The results/ directory is empty

jtamames commented 3 years ago

Ok, I get it now...

When assemblying rna, spades names the resulting assembly as transcripts.fasta, instead of contigs.fasta as it is the case for DNA, and that is the name SqueezeMeta is looking for.

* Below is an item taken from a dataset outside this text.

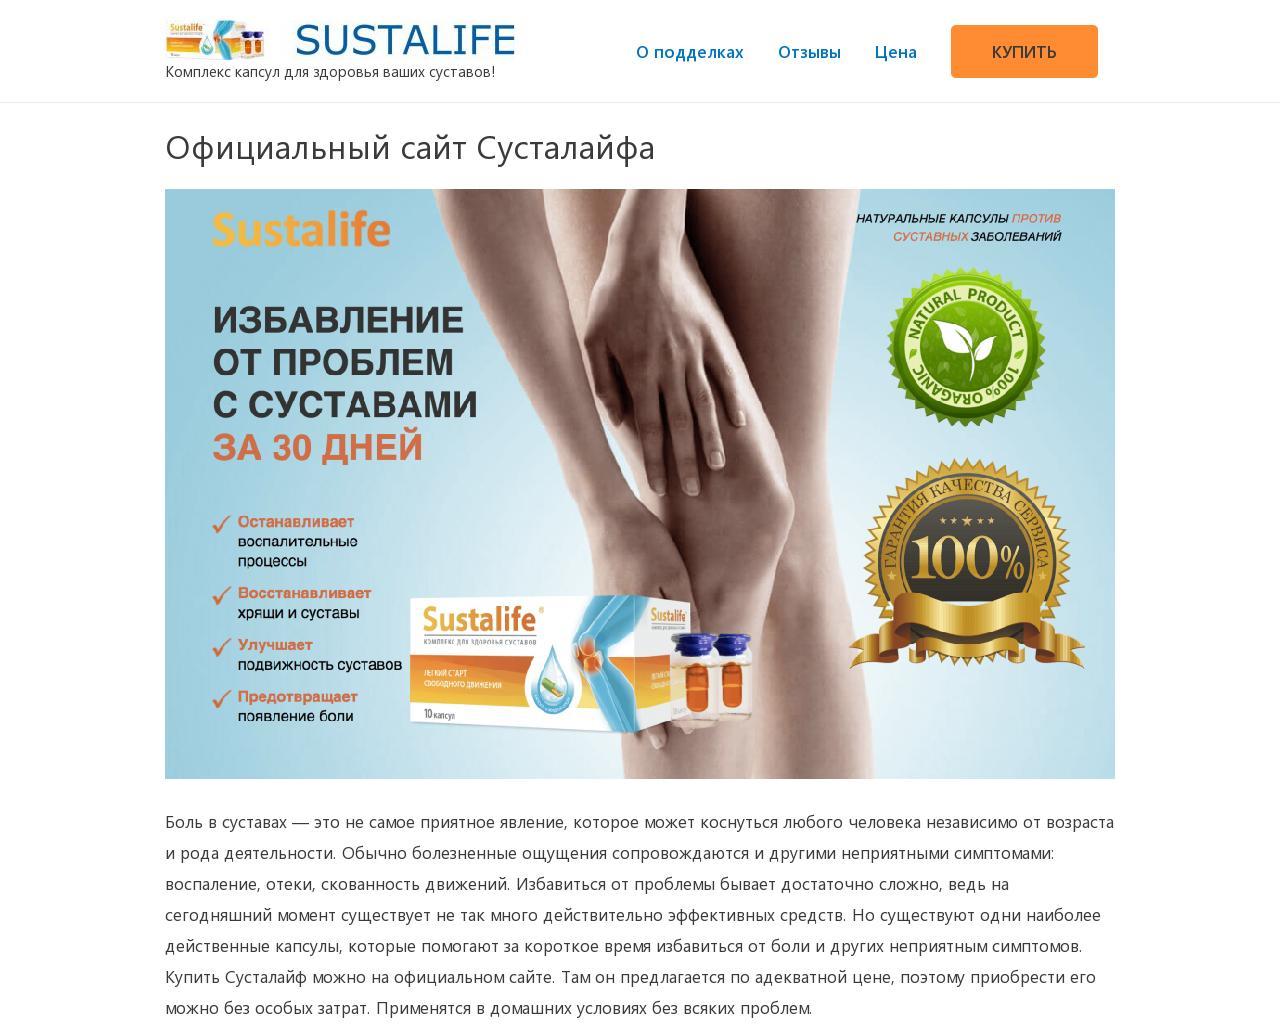 Сусталайф - Sustalife за 147 рублей купить в Губкине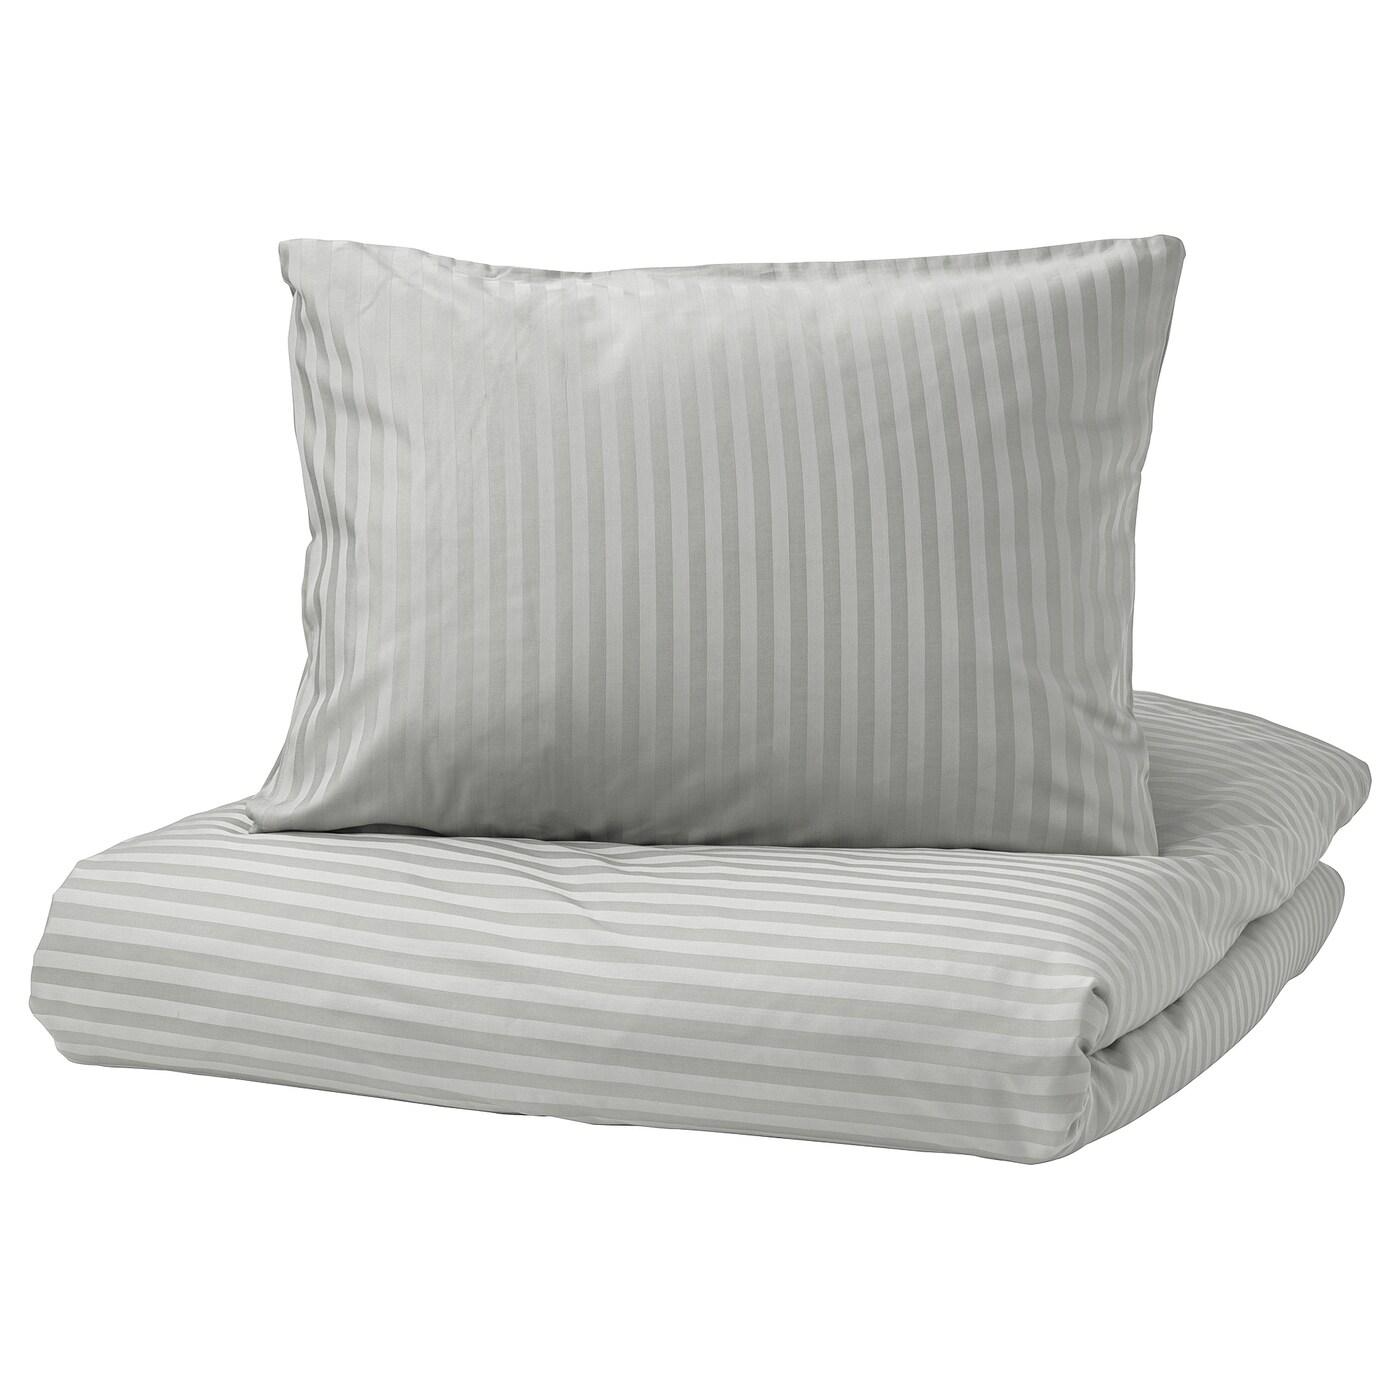 Housse de couette taies ikea - Ikea linge de lit 2 personnes ...

Just copy the transcripts.fasta file to the results directory, renaming it to 01.<project>.fasta. That is:

cp /scratch_mollison/users/30041036/squeezemeta/databases/plurogel/pluro_all_spades/data/spades/transcripts.fasta /scratch_mollison/users/30041036/squeezemeta/databases/plurogel/pluro_all_spades/results/01.pluro_all_spades.fasta

and restart. That should do it.

Best, J

mradz19 commented 3 years ago

Thanks @jtamames I'll give it a go. Also, when would you use the - - singletons tag when running squeezemeta? I'm not sure I understand correctly, does that essentially include unmapped reads in the annotation steps?

jtamames commented 3 years ago

Hello again

I think it is better if, instead of restarting, you create a new project and provide this transcript.fasta assembly as external assembly using the -extassembly option. The reason is that step 01 also generates an auxiliary file 01.project.lon containing the length of the contigs. If you just copy the file and restart, that file will be missing and will crash the run later on.

Best, J

jtamames commented 3 years ago

Regarding --singletons, I would use it when: 1) You want to be sure not to lose anything in the assembly, or 2) When the mapping percentage is too low and most reads did not make it into the assembly. But this will come at the cost of having myriads of short contigs that will probably burden your analysis

mradz19 commented 3 years ago

OK I will try the external assembly option. Can I include the singletons flag when using an external assembly?

mradz19 commented 3 years ago

And sorry one more question. What is the advantage/disadvantage of running an assembly with --singletons vs running squeezemeta in the reads_only mode?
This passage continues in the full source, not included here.